Does Anybody Know What Time It Is?
In a rare show of unity, Congress seems poised to declare daylight savings time to be permanent. No longer in March will we drive distracted as we futilely fiddle with the buttons on our old car’s dashboard in a sleep deprived commute to work. The slight increase in automobile accidents in the week after the spring exercise may be caused by this distraction.
I’ll confess the fall and spring clock changes have always confused me. It’s possible my frequent befuddlement about time adjustments is just another of my many intellectual limitations, but most other people I talk with, when determining what time a future event will occur after the time change, either take a moment to think it through or get it wrong or both.
The oft-mentioned method to remember what to do, “fall back, spring ahead” hasn’t helped me much, I suspect because the phrase is missing a subject. What falls back? And what springs ahead? My first thought usually is that time falls ahead or back. That is ridiculous, of course—time couldn’t care less. It grinds on no matter what numbers our clocks display. Getting time to move ahead or backwards requires some fairly rapid travel through space, somewhere close to the speed of light.
But I do know it’s the number on our digital clock or hour hand that must spring forward or fall back. New technology certainly has made this easier. Our phones, newer cars, and other devices commanded by a chip, do this automatically. In the U.S., time is meticulously signaled to our devices from an unbelievably precise clock in Boulder, Colorado, at the National Institute of Standards and Technology (NIST). How the clock works is best explained by the following from Wikipedia.
The apparatus consists of an optical molasses made of counter-propagating lasers which cool and trap a gas of cesium atoms. Once trapped, the atoms are propelled upward by two vertical lasers inside a microwave chamber. Depending on the exact frequency of the microwaves, the cesium atoms will reach an excited state. Upon passing through a laser beam, the atoms will fluoresce (emit photons). The microwave frequency which produces maximum fluorescence is used to define the second.
That certainly clears that up. (I’m planning to look for optical molasses in my local grocery store. It’ll add more difficulty to the usual problem of which aisle seems most logical for regular molasses. Raisins fit in the same category. And tortillas. And vinegar. I’ve got an idea about this you can find near the end. But I digress.)
Perhaps the important part here is that the NIST F-1 clock is so accurate that it is unlikely to lose or gain a single second over the next 100 million years. After that, all bets are off.
Further confounding the mornings after the fall and spring time change is the fact that some digital clocks require manual adjustment while others are linked to the Boulder signal and magically change on their own. Which is which isn’t clearly shown on the clocks but can be revealed in the 2-point font printed in the little folded pamphlet (that you meticulously saved…somewhere) that came with the clock. Most clocks with the usual clock face of numbers along with a minute and hour hand require manual adjustment, though some do not. So you just have to know somehow. Which most of us probably do…somehow. You might be interested to know that one screening test physicians and other healthcare workers use to detect dementia is to ask the patient to draw a clock face with the time set to 2:45. It sounds easy but can be a little tricky. I’ve been practicing.

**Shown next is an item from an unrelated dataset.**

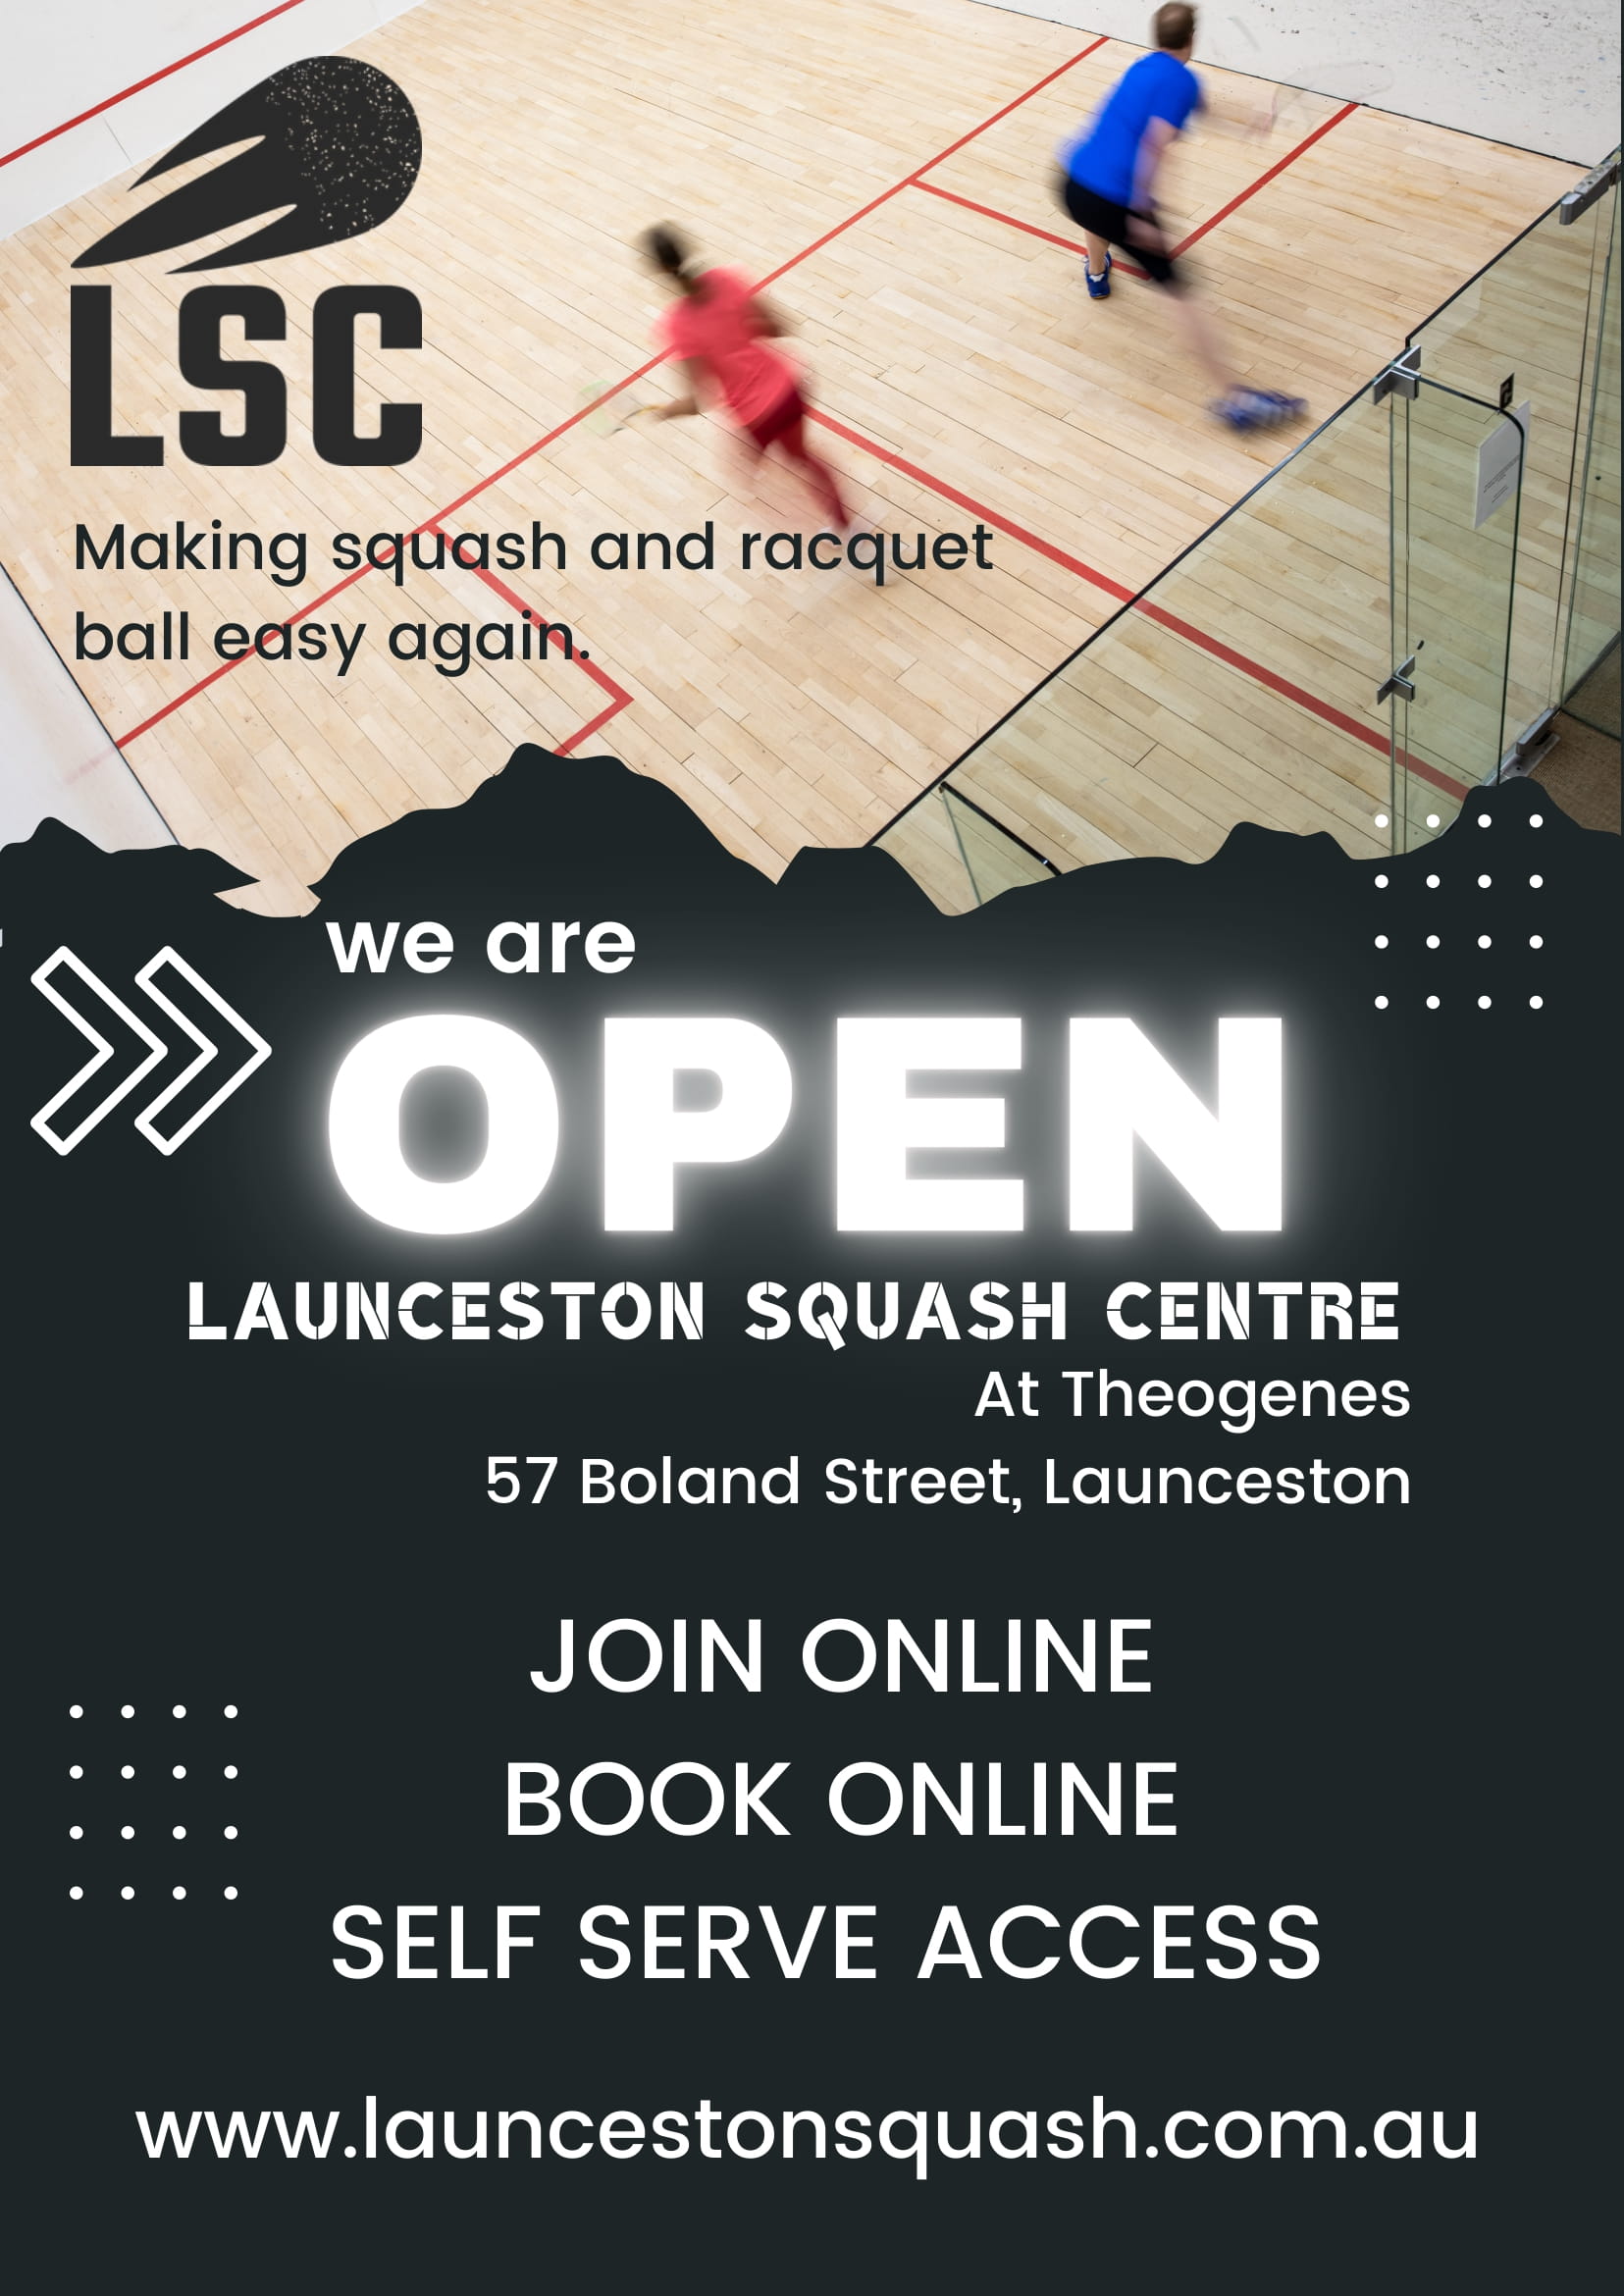 Launceston Squash Centre

Other considerations arise from the seasonal time changes. Those who work nights on an hourly wage rightfully wonder how their time cards will be handled. Will they be paid the extra hour in the fall? And will they lose that pay in the spring? (I sense your brain working again here—“wait, do night workers work an extra hour in the fall? Or is it spring?)

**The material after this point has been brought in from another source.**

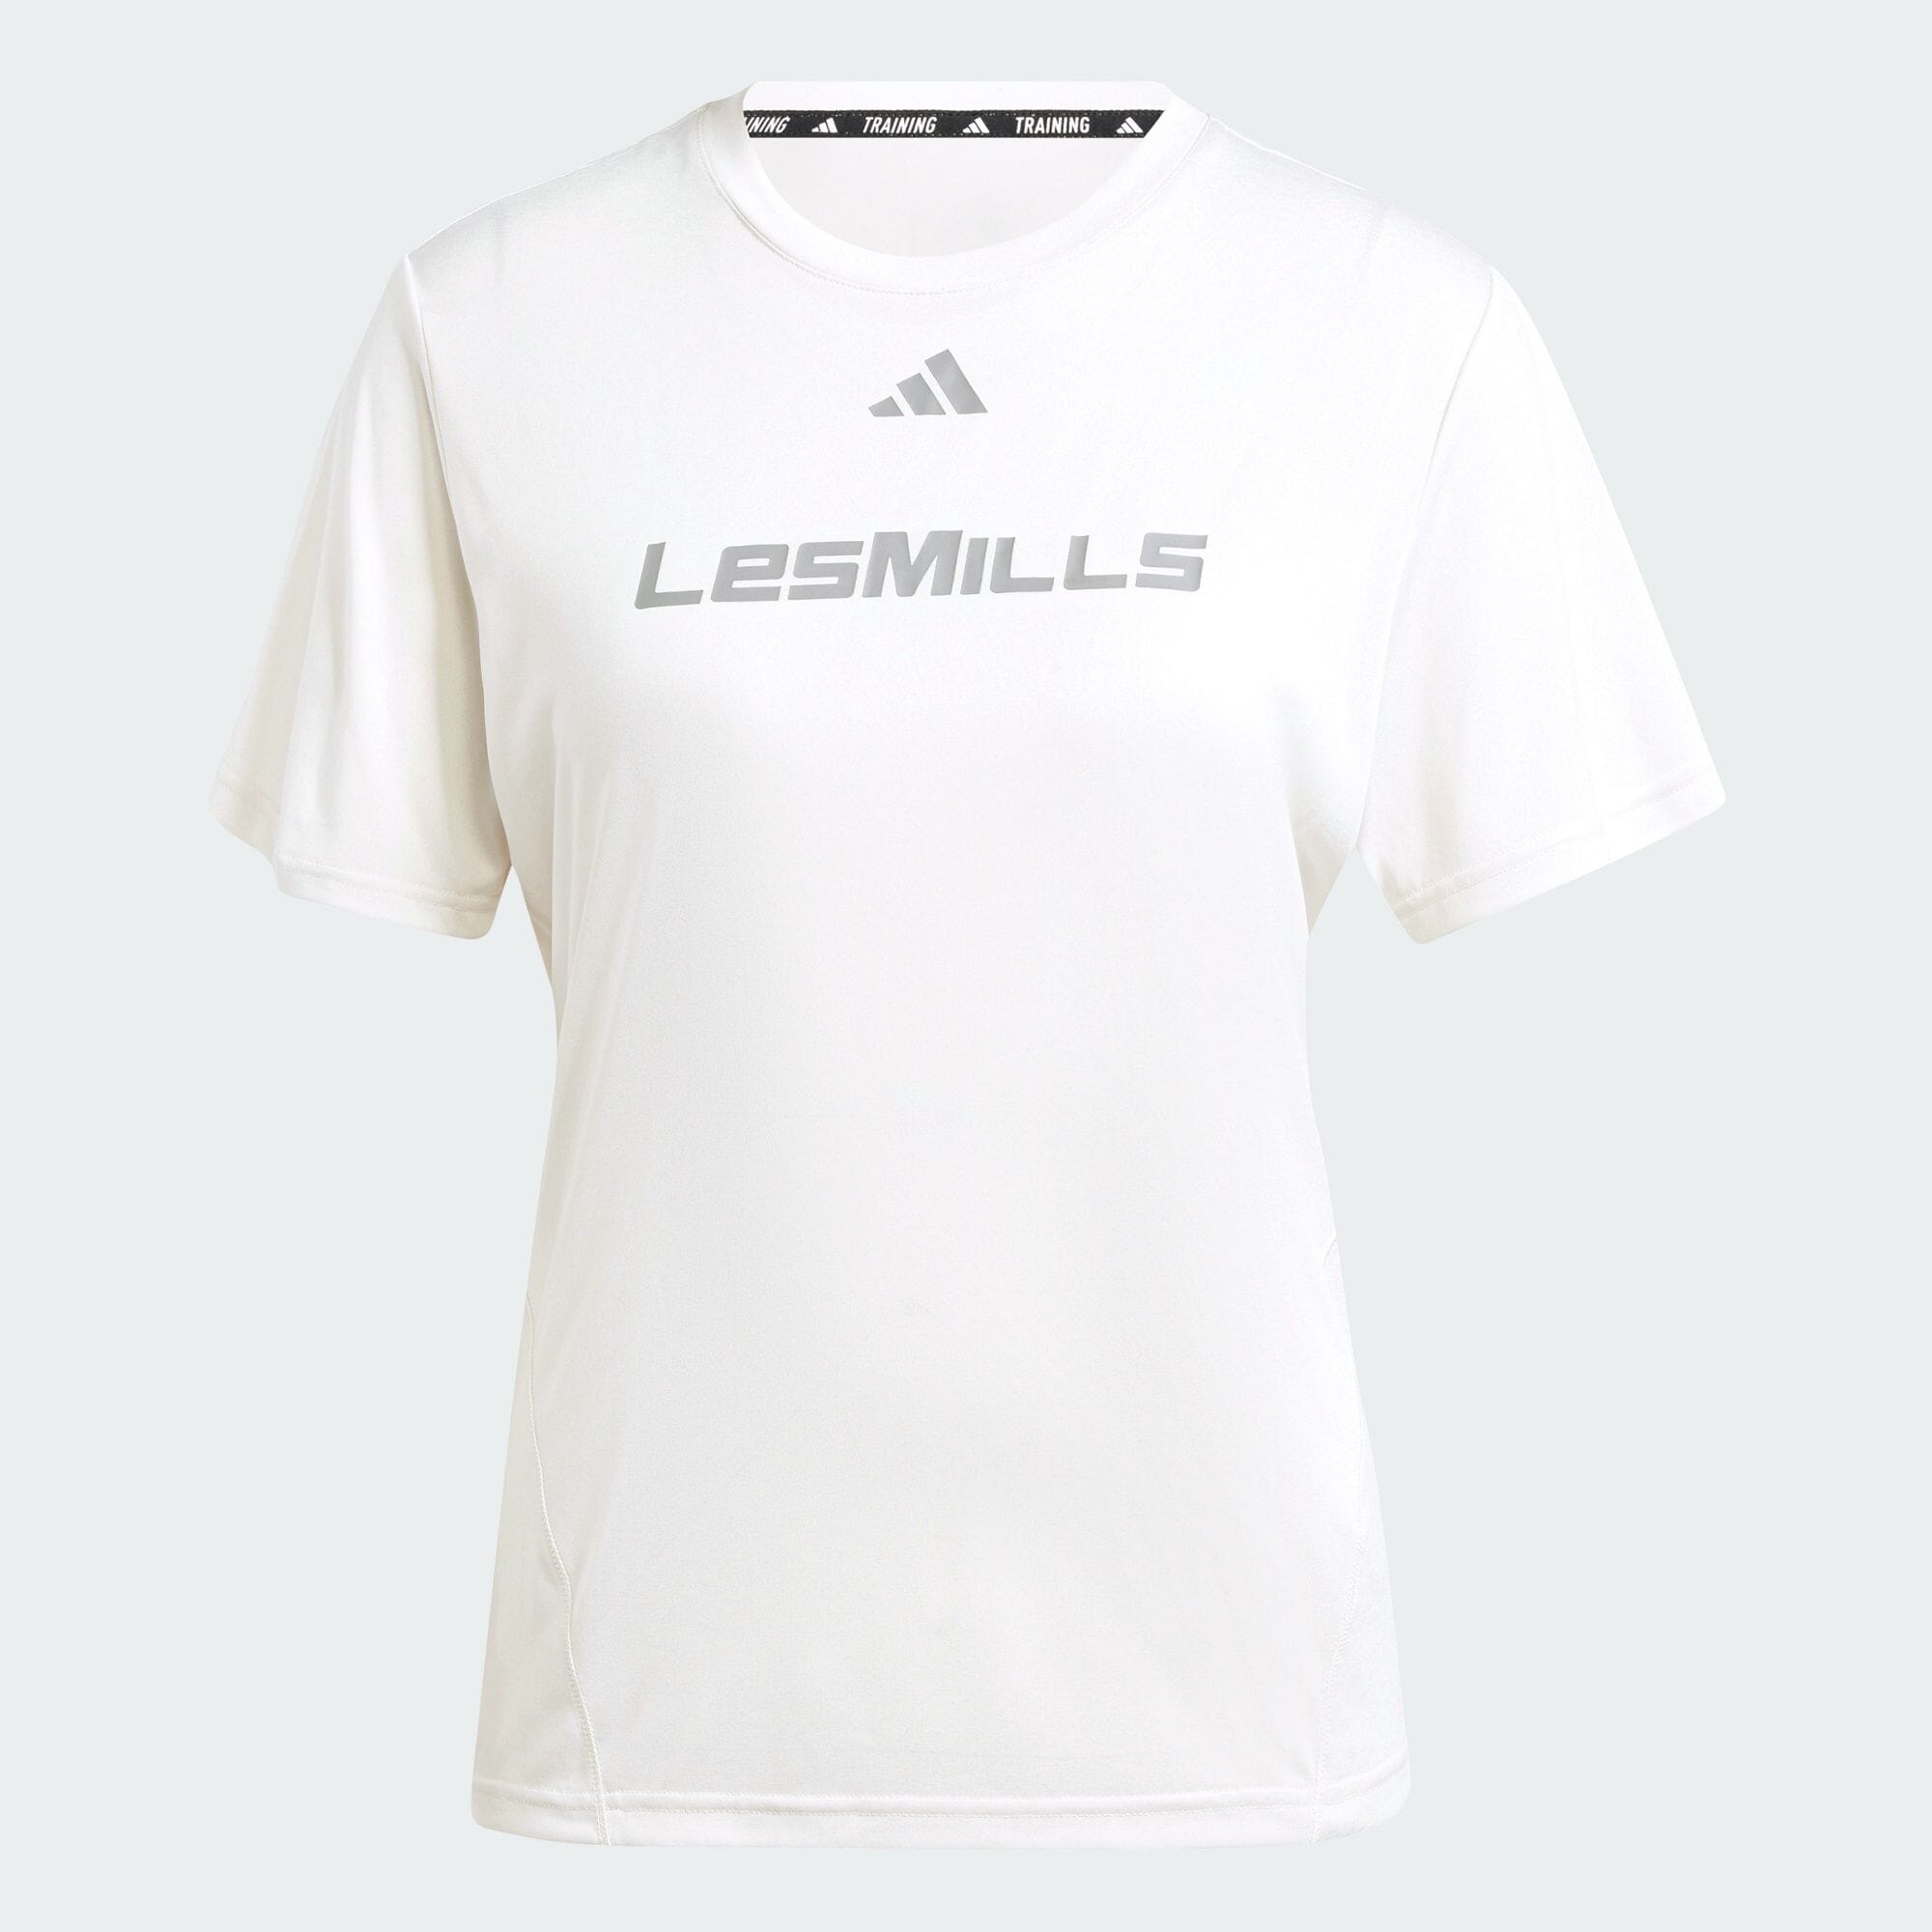 Les Mills グラフィック 半袖Tシャツ レディース ジム・トレーニング

Adding to this in recent human history is time zones. While these are certainly necessary (so Californians won’t need to arise at 4 a.m. to attend an 8 a.m. zoom call from New York), they offer similar layers of confusion. Especially when some states, Hawaii and Arizona, excepting Navaho Nation land, never participate in spring or fall time change. It turns out their approach looks to be ahead of its time (sorry).

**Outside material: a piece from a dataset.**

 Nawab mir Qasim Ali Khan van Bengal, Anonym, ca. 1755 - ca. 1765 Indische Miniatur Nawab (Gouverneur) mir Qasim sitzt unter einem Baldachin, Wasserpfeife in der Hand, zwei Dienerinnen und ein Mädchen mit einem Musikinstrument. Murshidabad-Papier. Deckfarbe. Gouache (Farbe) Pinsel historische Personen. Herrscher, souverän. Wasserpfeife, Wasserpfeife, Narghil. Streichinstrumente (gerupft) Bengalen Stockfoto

I can imagine a single problem posed for the final exam for the college, even graduate level course, about “Time Management.”
You’re scheduled to fly from your home in Pittsburgh to San Francisco on the Sunday morning of the day this fall that daylight savings time is slated to revert to standard time. Ignoring the fact that these the time periods’ names are annoyingly unhelpful, what time will it be in San Francisco when you arrive if you depart at 9:53 AM local time and flight duration is anticipated to be three and a quarter hours? You can assume an on-time arrival. For extra credit, when you check your phone’s calendar the week before you leave, what time will it report you will arrive? Show your work. Tissues are available in the back of the room.
Because most of us will fail this final exam, I’m in favor of the law proposed in Congress to continue daylight savings time all year around. There will be some dark mornings in December (I suspect you’re now too tired of this topic to check the truth of that assertion) but the change will simplify our lives. The next challenge Congress could take on and perhaps bask in bipartisanship might be to mandate grocers shelve their misfits in a single aisle. I’ve wasted a lot of time searching for these elusive items.